(Exercise details) Using the listing below, output only the lines from the one that contains "Page 4 of 4" through the one that contains "Pendleton Original Board", inclusive, exactly as given and without images.

(Data supplied)

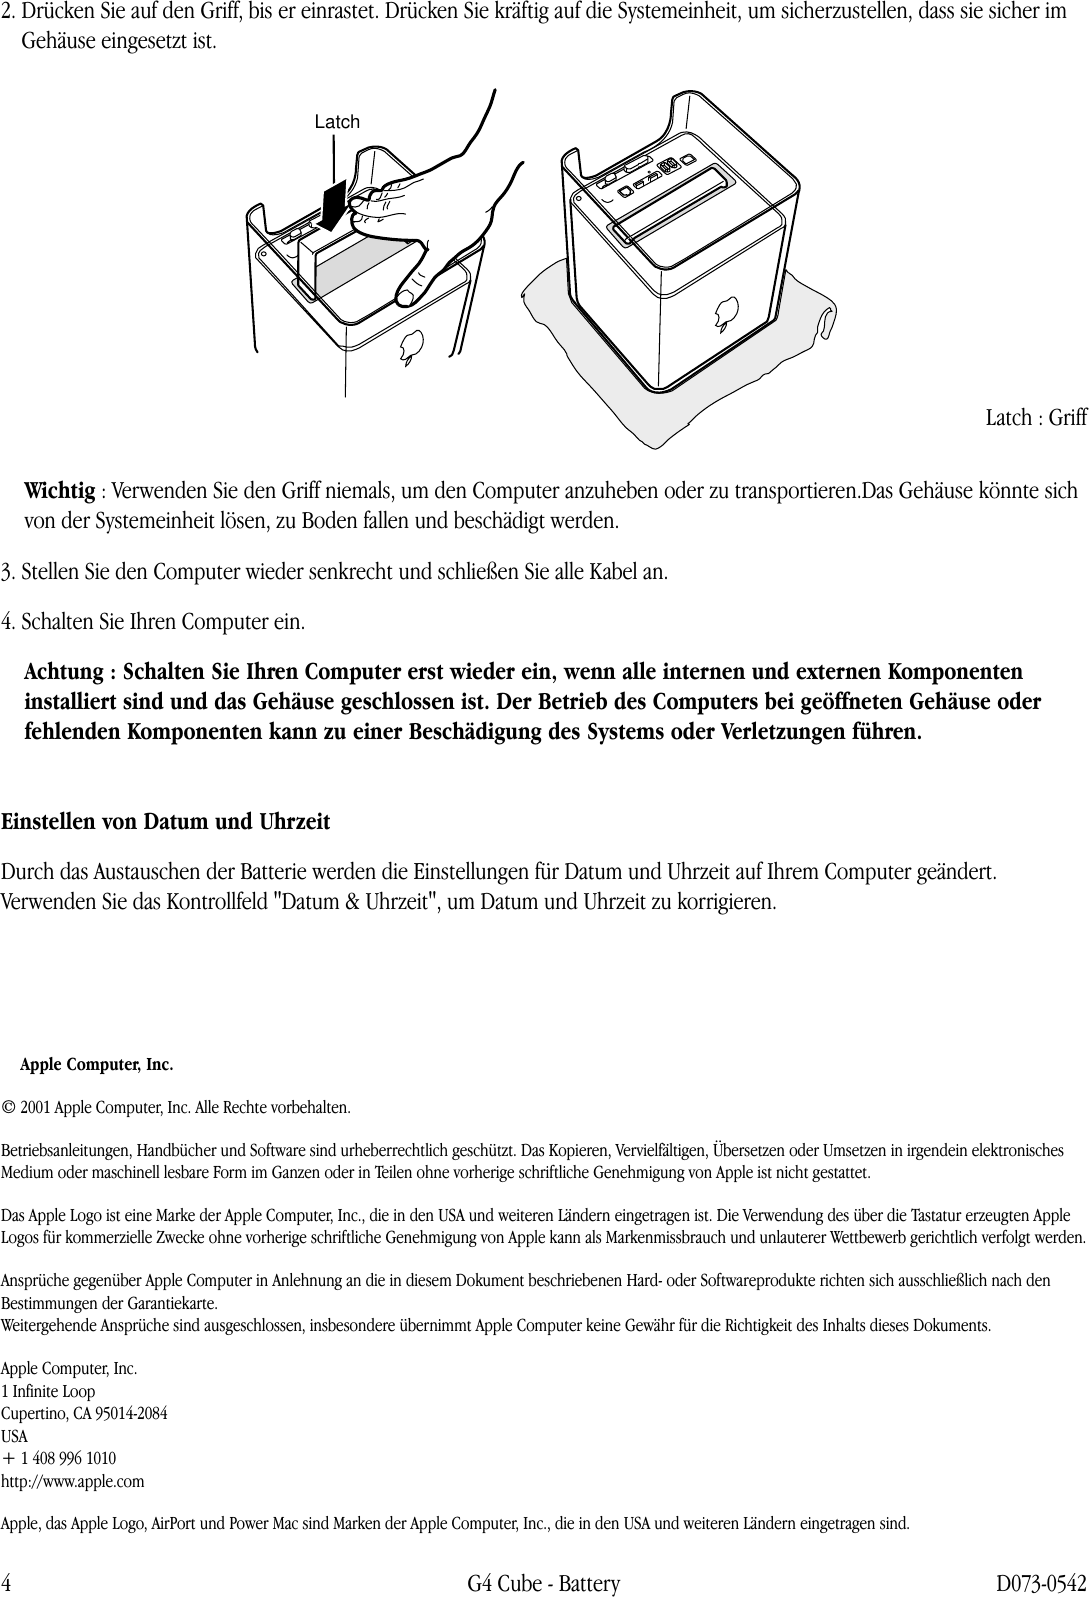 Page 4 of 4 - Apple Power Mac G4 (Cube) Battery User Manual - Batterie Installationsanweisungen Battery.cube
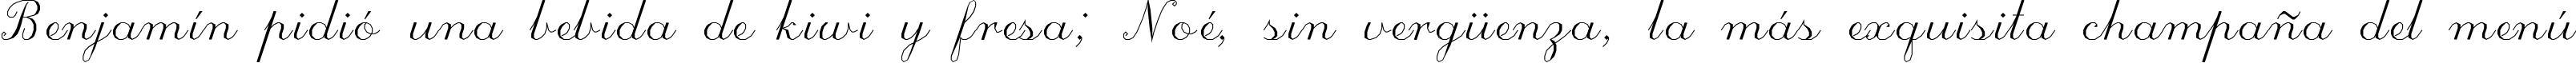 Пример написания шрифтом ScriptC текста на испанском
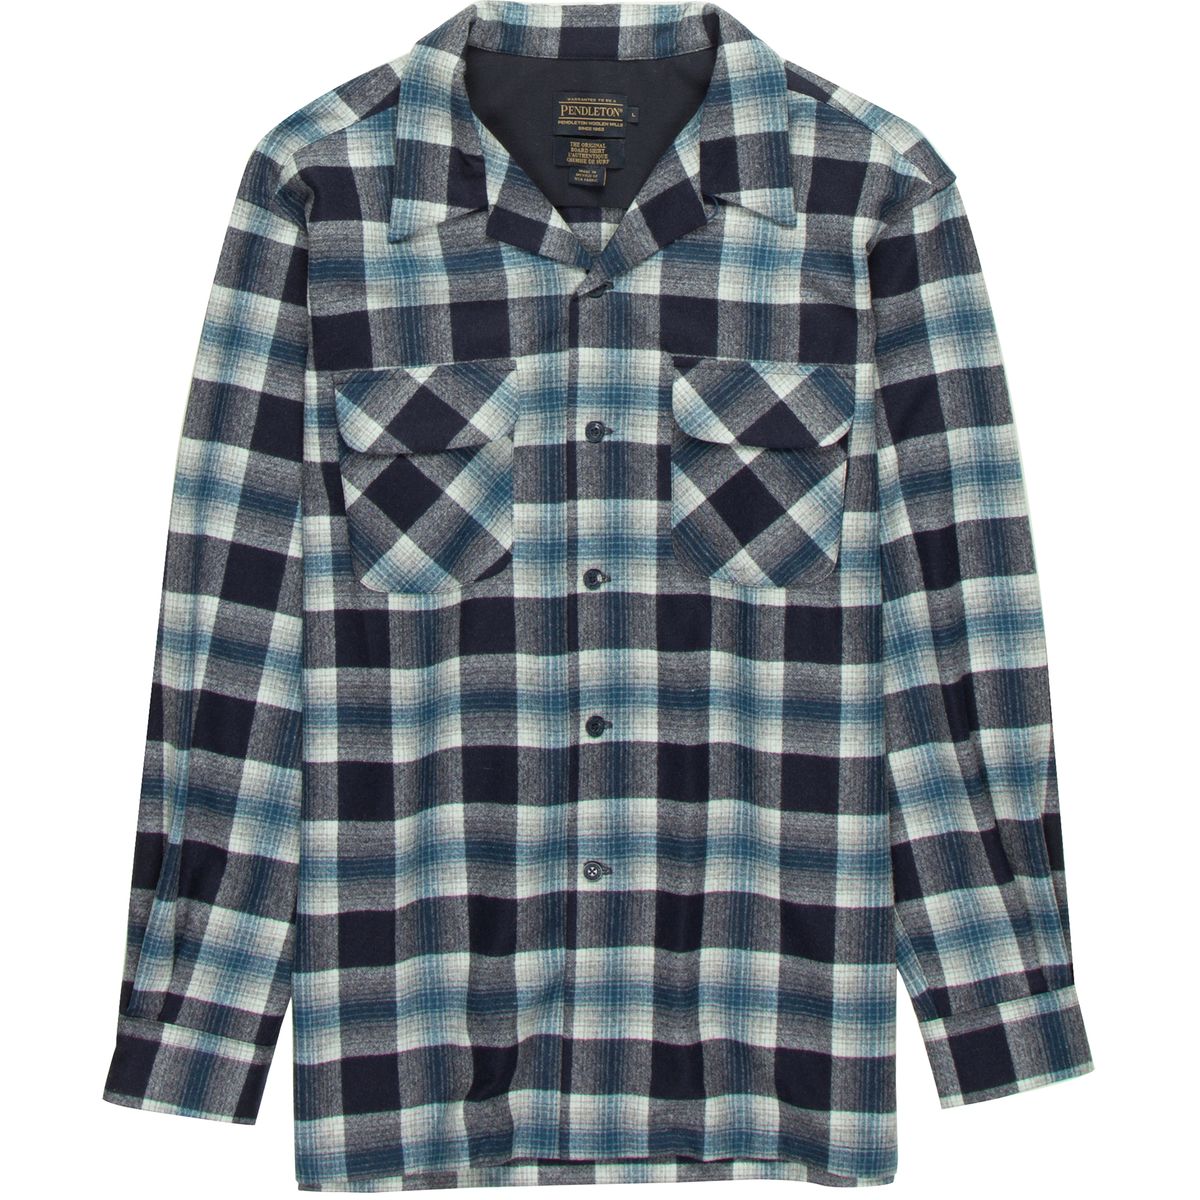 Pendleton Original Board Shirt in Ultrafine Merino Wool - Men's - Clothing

* * *

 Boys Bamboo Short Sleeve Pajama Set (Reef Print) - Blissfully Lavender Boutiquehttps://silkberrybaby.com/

(Result)
 Page 4 of 4 - Apple Power Mac G4 (Cube) Battery User Manual - Batterie Installationsanweisungen Battery.cube
 Пример написания шрифтом ScriptC текста на испанском
 Pendleton Original Board Shirt in Ultrafine Merino Wool - Men's - Clothing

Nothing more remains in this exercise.